Um suburbano coração.

Os versos deste poema-canção me vêm à cabeça porque, quando penso em determinada área de Olaria, área que não acho esteticamente bonita mas que ao mesmo tempo acho bela, feliz, aprazível ao olhar, consigo me ver nas linhas poéticas, me espelho na voz do poeta, me digo nos versos do poema-canção.

Porque determinados lugares, que, a princípio, não agradam esteticamente, podem conter uma atmosfera, uma sintonia, uma espécie de “calmaria” & “alegria”, indescritíveis, que não estão na arquitetura, que não estão propriamente na “matéria”, nas construções avistadas.

Em Olaria, a poesia, feito o mar, se alastrou; e a beleza de um lugar no bairro, para entender, tem que se achar que a vida não é só isso que se vê; a vida é um pouco mais do que o percebido pelos olhos, a vida é um pouco mais do que o tocado pelas mãos, a vida é um pouco mais do que o pisado pelos pés.

A beleza de certo local do lugar não me parece “palpável”, “material”. Eu vejo, sinto, percebo, determinado trecho de Olaria em todo o poema-canção.
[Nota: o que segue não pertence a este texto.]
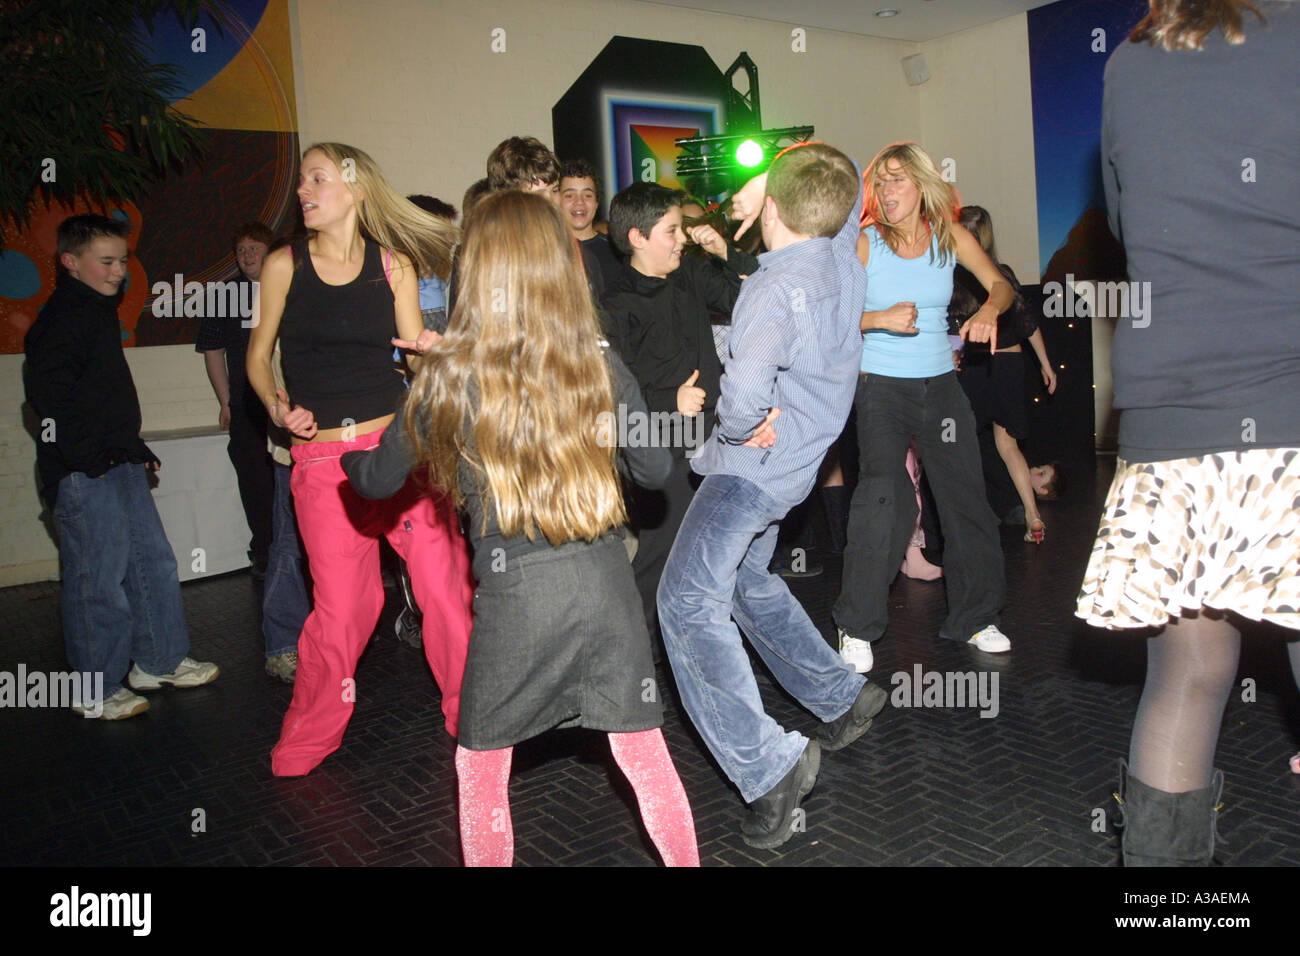 Giovani adolescenti in un party discoteca Immagini Stock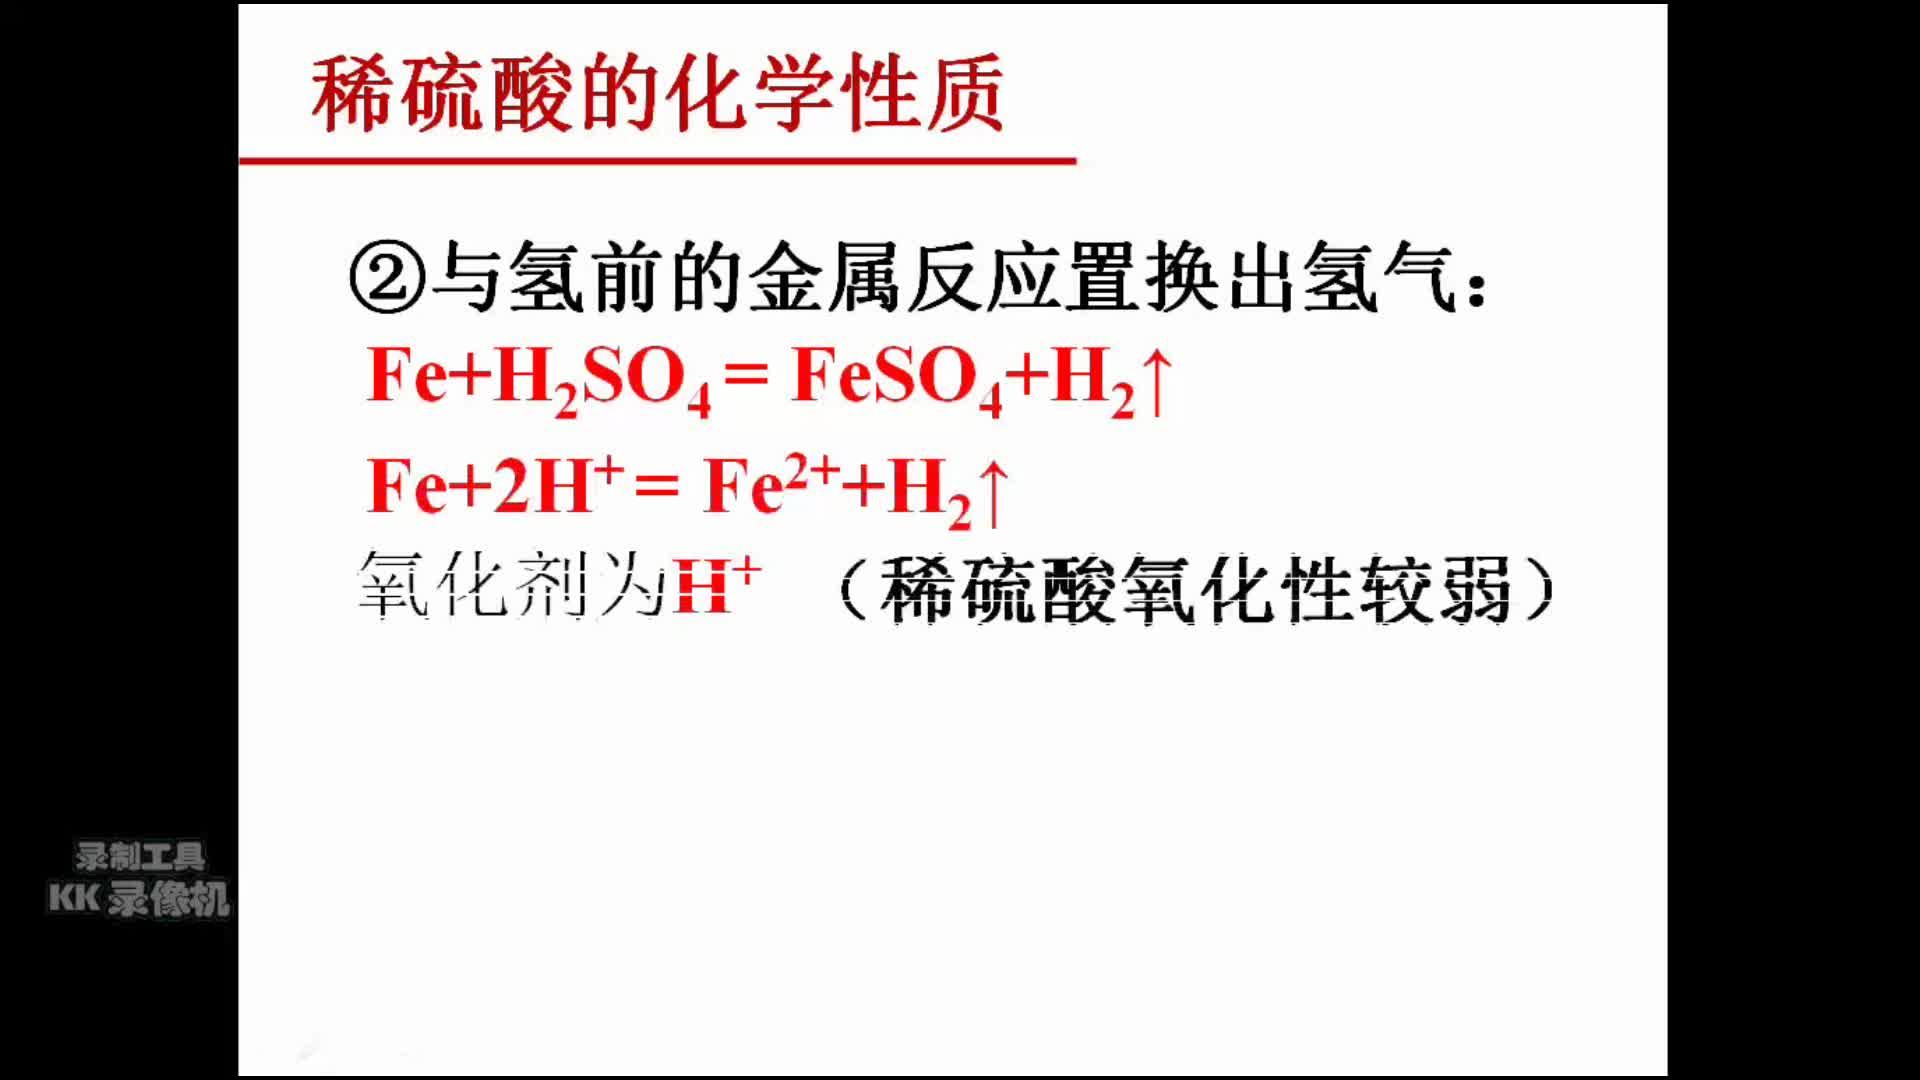 滬教版高中化學高一下冊-5.3硫酸-稀硫酸的性質 視頻微課

A incerteza, a dúvida, o desconhecimento da razão de tamanho sentimento por um lugar, em Olaria, que esteticamente seria julgado como feio: sei lá, não sei… Não sei se, toda a beleza de que lhes falo, sai tão-somente do meu coração. Em Olaria, a poesia, num sobe & desce constante, anda descalça, de pé no chão, pobre, primordial, ensinando um modo novo de viver, de sonhar, de pensar, e sofrer.

Olaria: a sua calmaria, o seu silêncio, as suas muitas ruas de casarões, a sua face interiorana, a sua face feia & feliz, a sua pobreza, a sua despreocupação, me formam, me moldam, me conduzem.

Olaria é tão grande que nem cabe explicação.

Beijo todos!
Paulo Sabino.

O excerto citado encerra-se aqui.